Lyft has published its first quarterly earnings report since becoming a public company, CNBC reports.

The San Francisco ride-sharing company posted an adjusted loss of $9.02 per share on revenue of $776 million for the quarter. Revenue is up by almost double from the first quarter of 2018. The loss per share is down from the estimated $11.40 per share loss in the same time period 12 months ago.

Estimates from Lyft indicate that the company will report revenue between $800 million and $810 million for the second quarter. Revenue at the end of 2019 could sit between $3.275 billion and $3.3 billion.

Also Read: 150,000 Motorists Sign Up To Ditch Their Cars For Lyft Alternatives

“The first quarter was a strong start to an important year, our first as a public company,” Lyft co-founder and chief executive Logan Green said. “Our performance was driven by the increased demand for our network and multi-modal platform, as Active Riders grew 46% and revenue grew 95% year-over-year. Transportation is one of the largest segments of our economy and we are still in the very early stages of an enormous secular shift from personal car ownership to Transportation-as-a-Service.”

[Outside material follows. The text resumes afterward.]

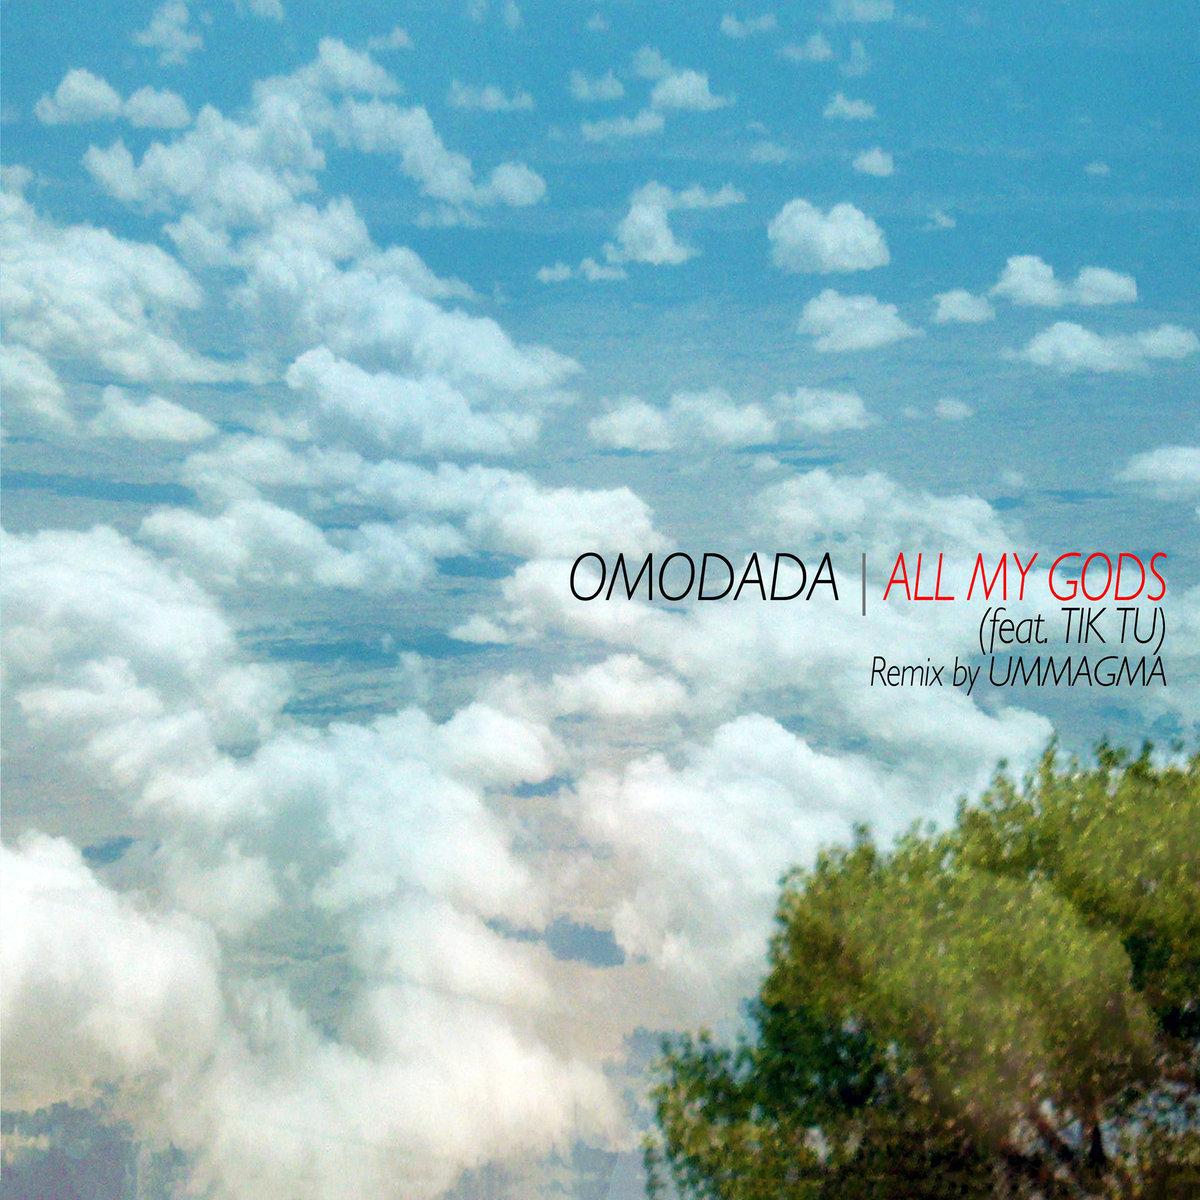 Omodada, All My Gods

While Lyft continues to lose money, much like key rival Uber, the company is continuing to grow its user base. According to it, it had 20.5 million active riders in the first quarter, significantly more than the 14 million active riders reported in the first quarter of 2018. Additionally, revenue per active rider increased to $37.86 from $28.27.

Alongside the announcement regarding its first-quarter earnings, the company revealed that it has forged a new partnership with Alphabet’s self-driving car division Waymo. The deal will see Waymo deploy 10 of its vehicles on the Lyft service across the Phoenix area.